* [INPUT DATA]:
■ ■ ■ ■ ■ ■ ■

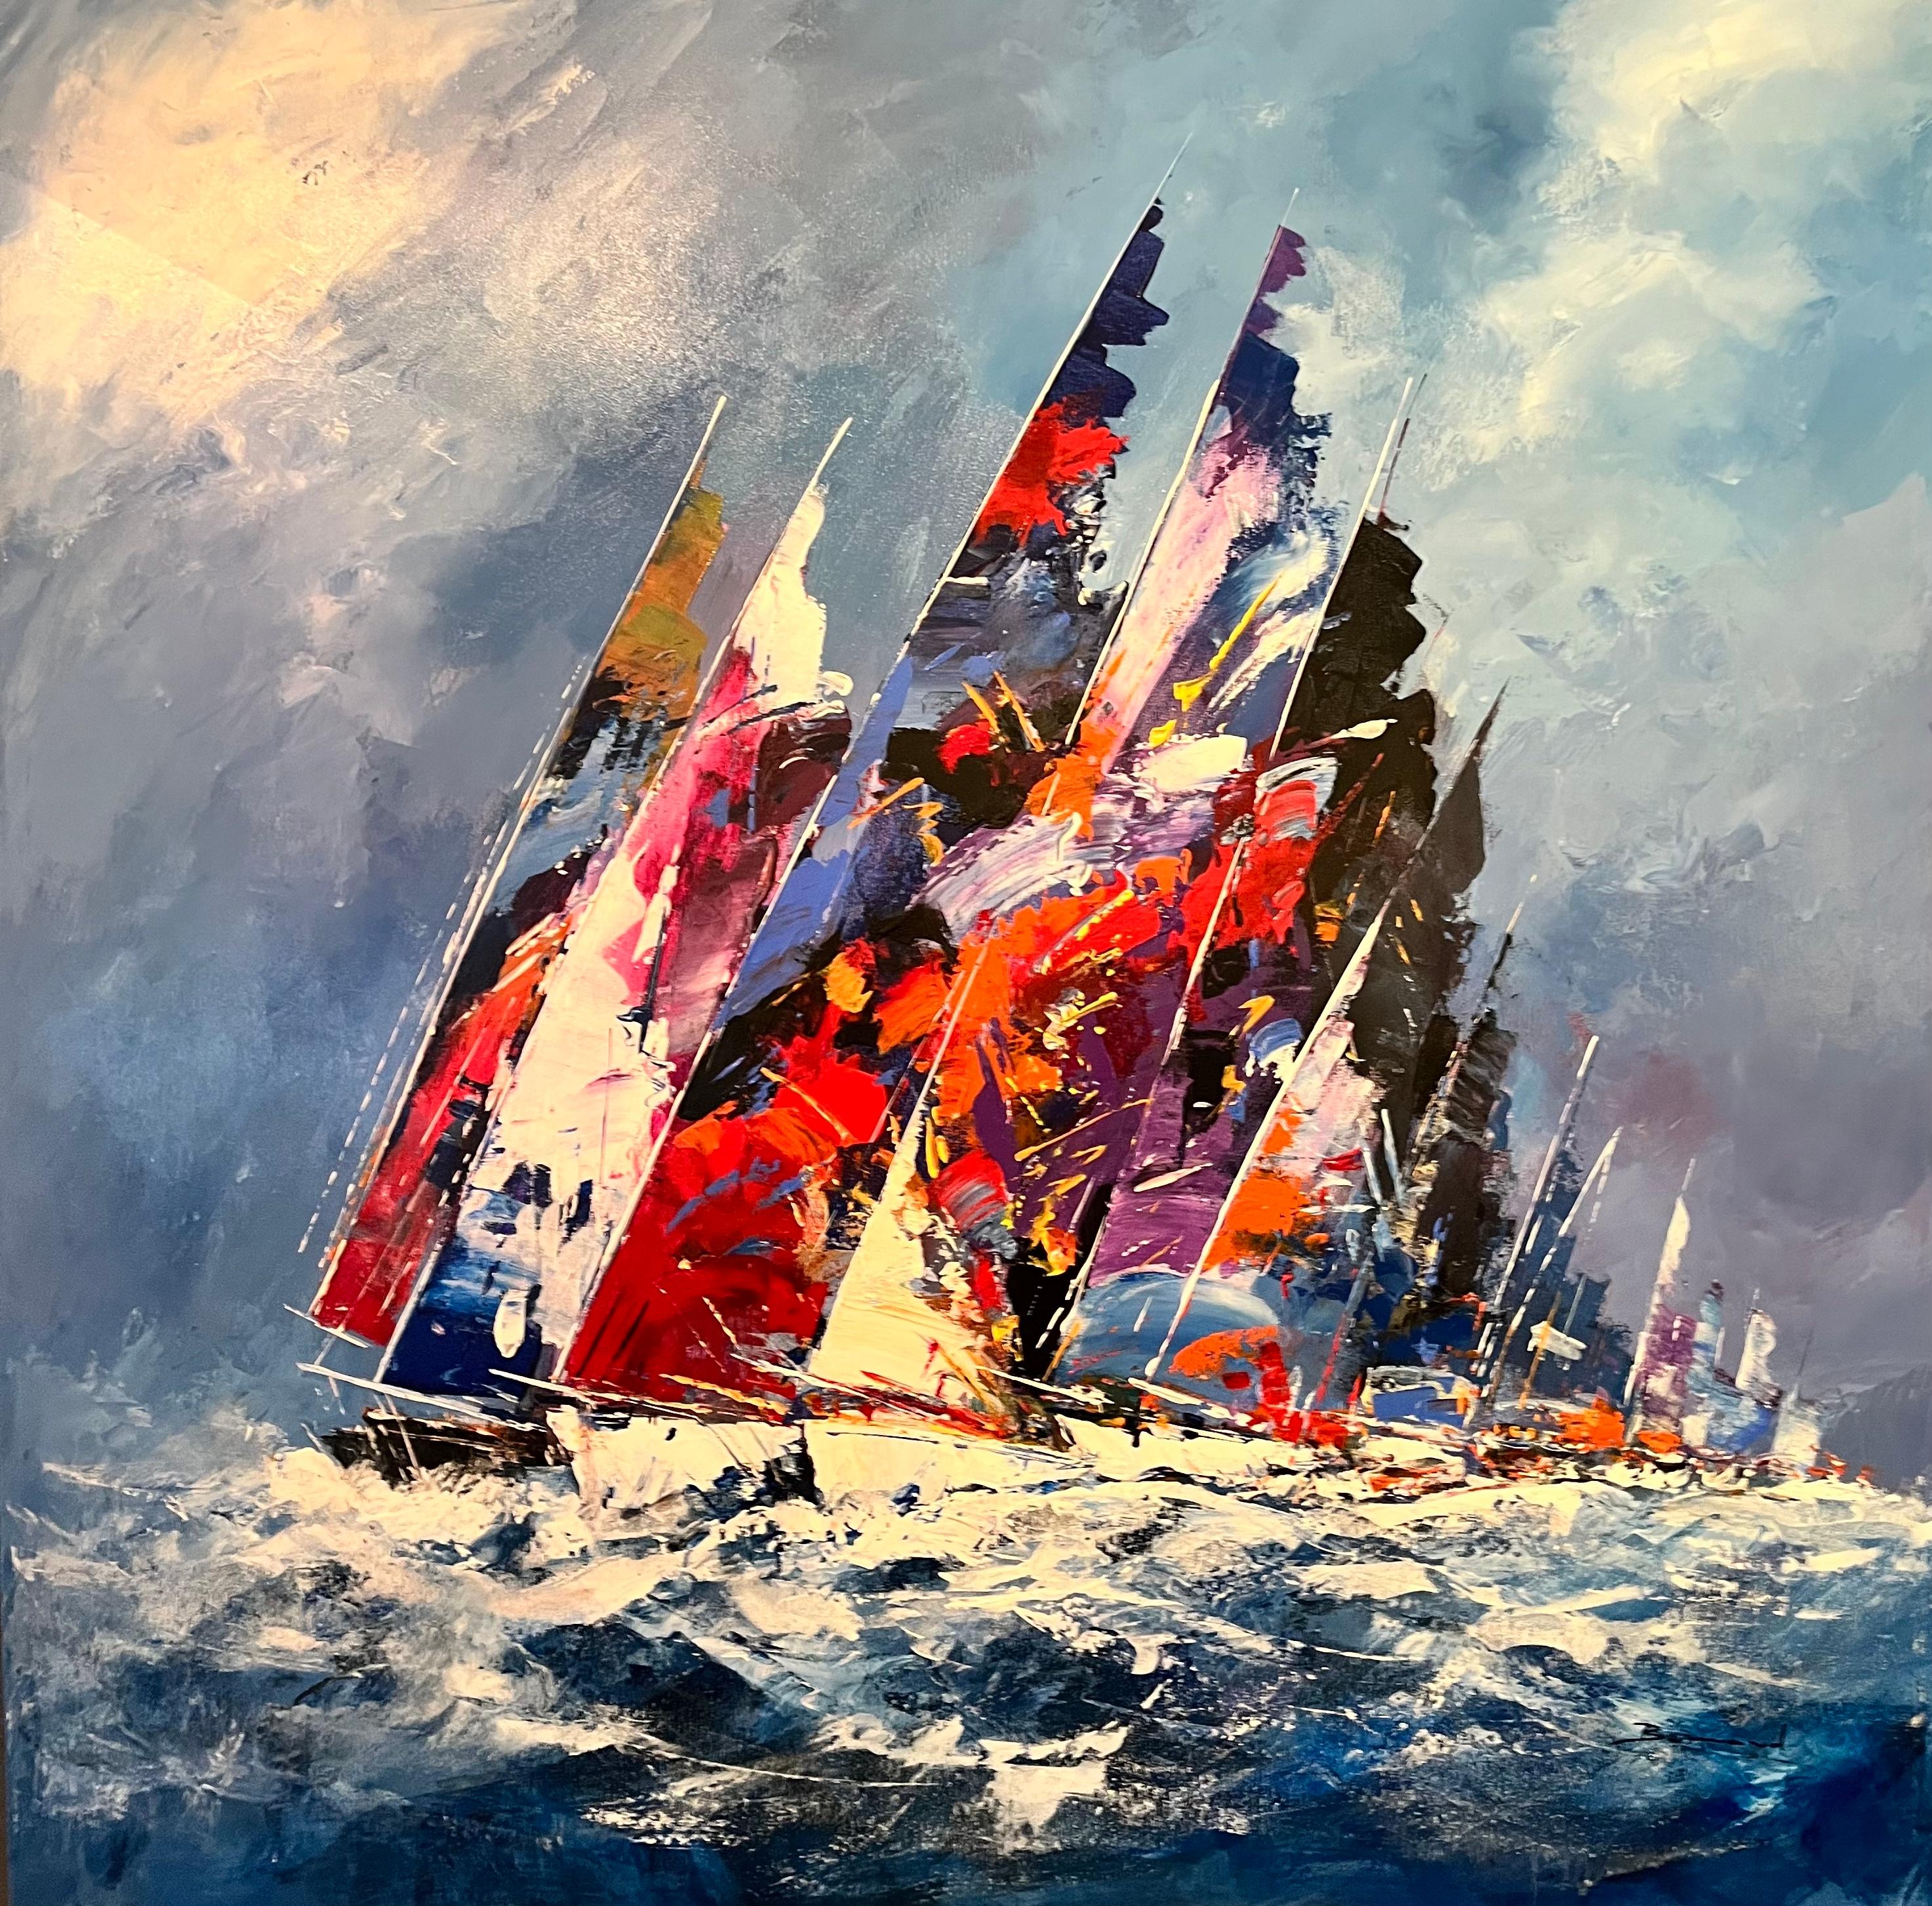 Bernard Abstract Painting - 'Moody Seas' Contemporary Painting of Colourful sail boats on water, blue, red
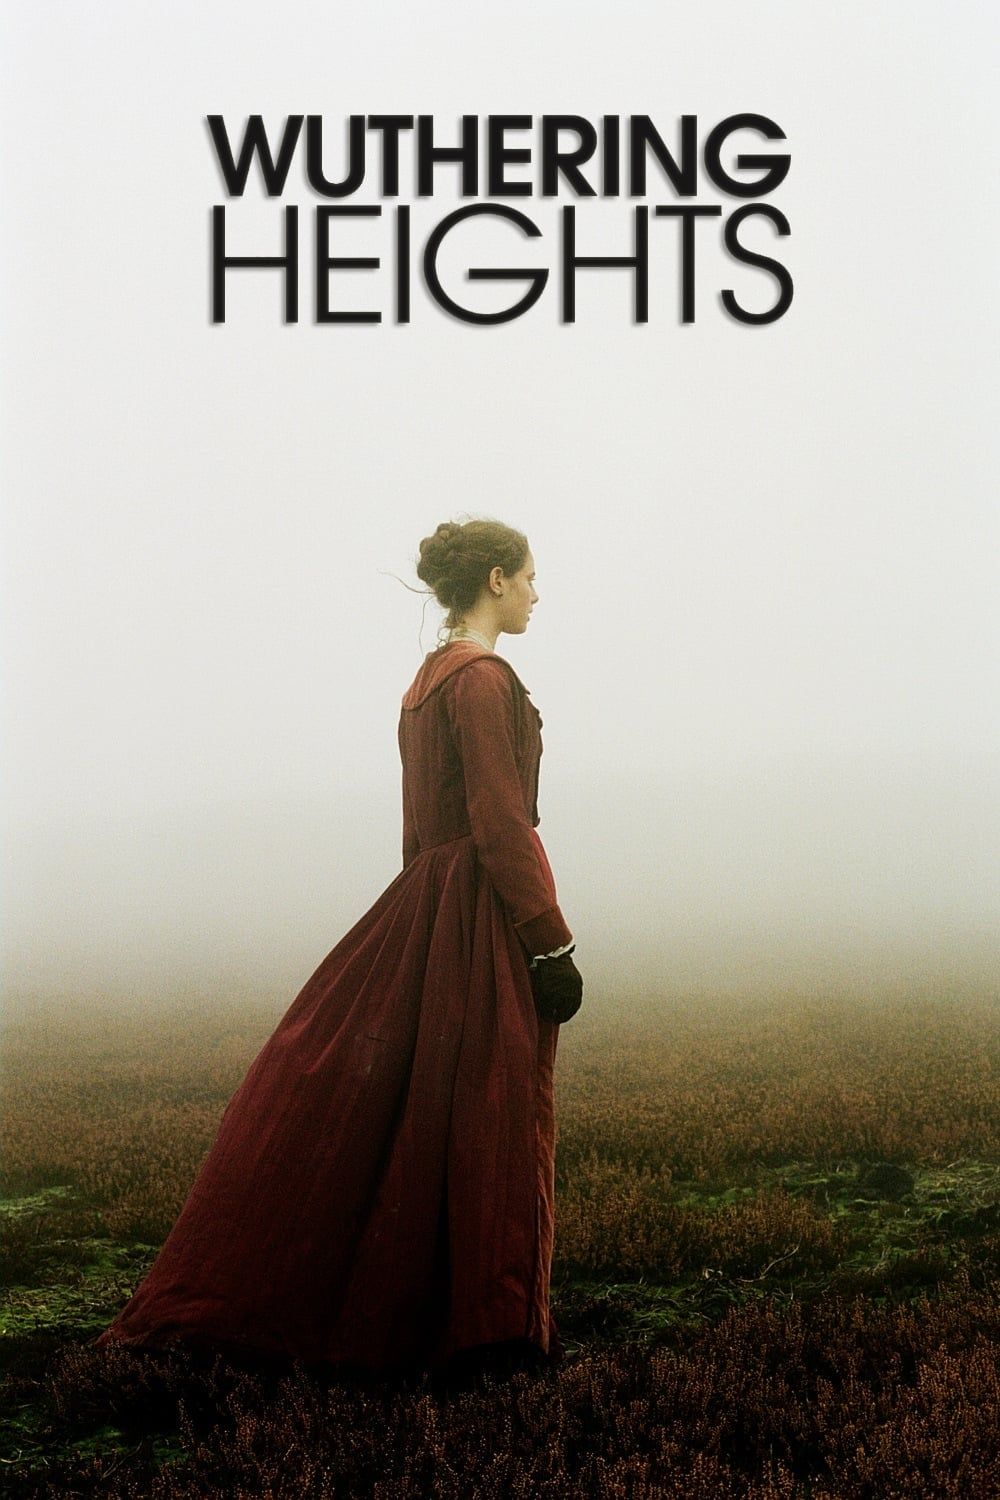 The Best Wuthering Heights Adaptation Is a Small Indie Movie
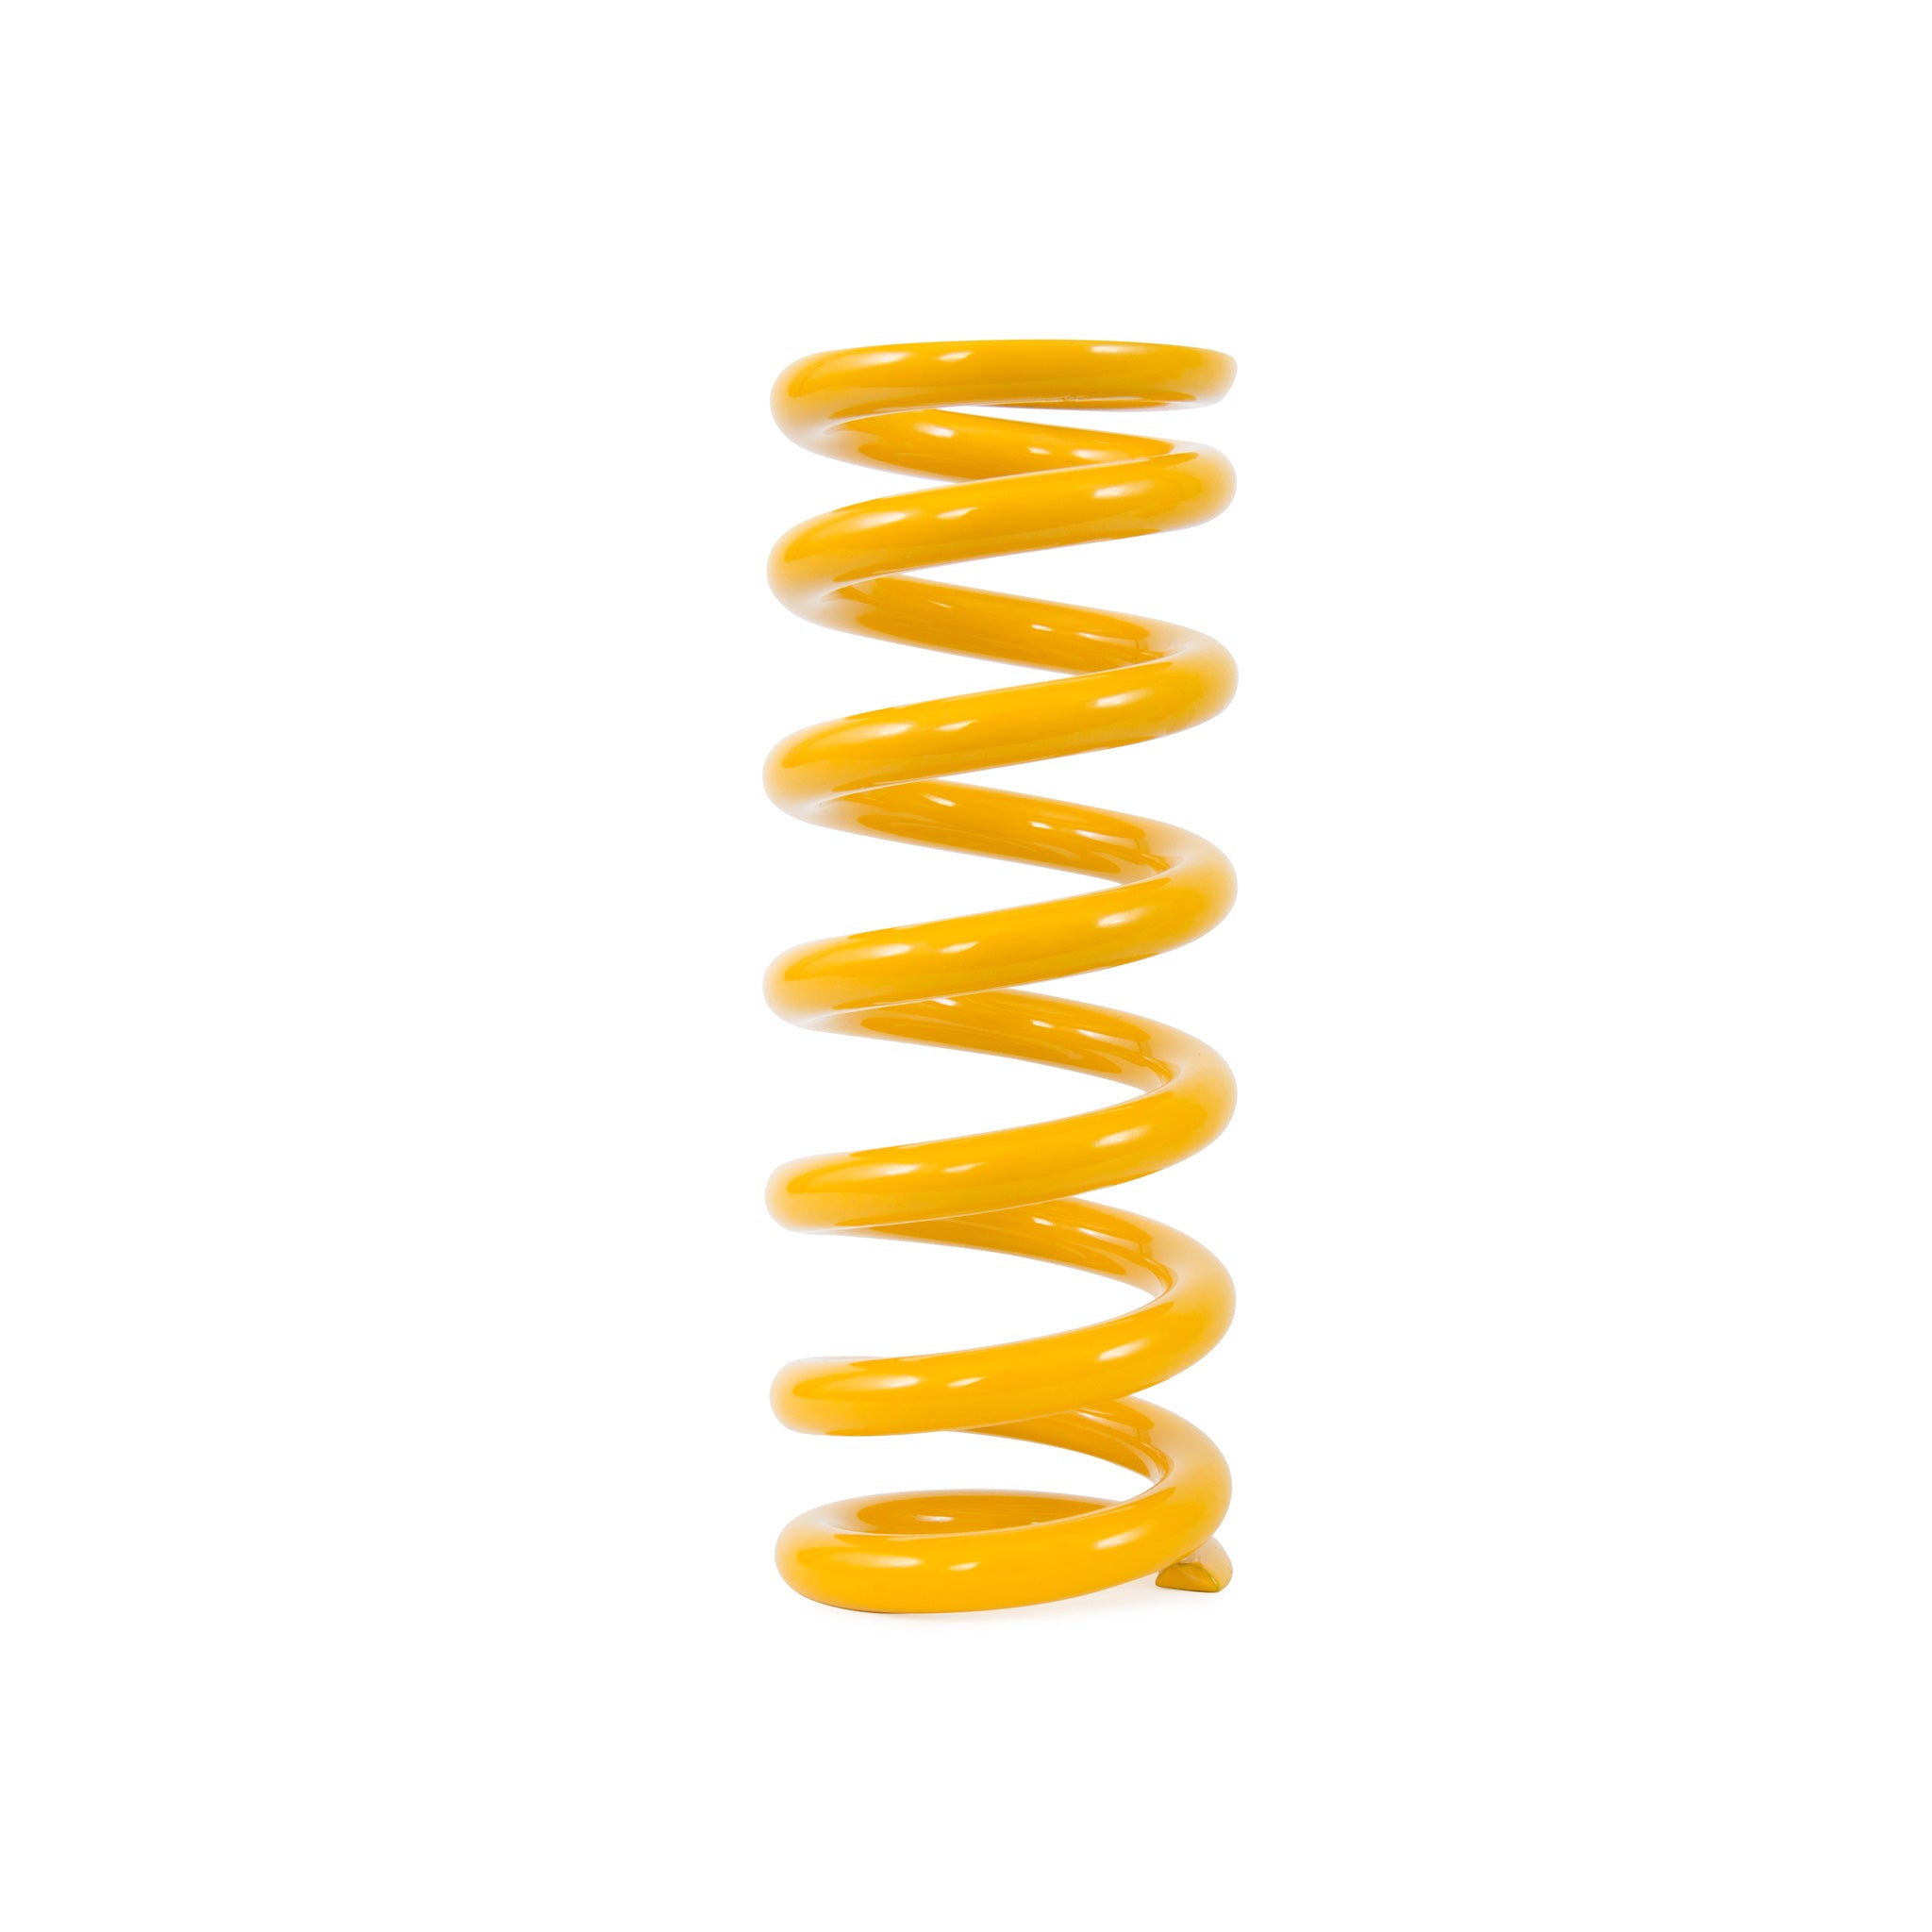 Ohlins Light Weight Spring 67mm S x 548 lbs/in

■ ■ ■ ■ ■ ■ ■

* [DESCRIPTION OF THE TASK]: Set down the material again exactly. Don't carry over any pictures.

* [TASK OUTPUT]:
 Bernard Abstract Painting - 'Moody Seas' Contemporary Painting of Colourful sail boats on water, blue, red
 The Best Wuthering Heights Adaptation Is a Small Indie Movie
 Ohlins Light Weight Spring 67mm S x 548 lbs/in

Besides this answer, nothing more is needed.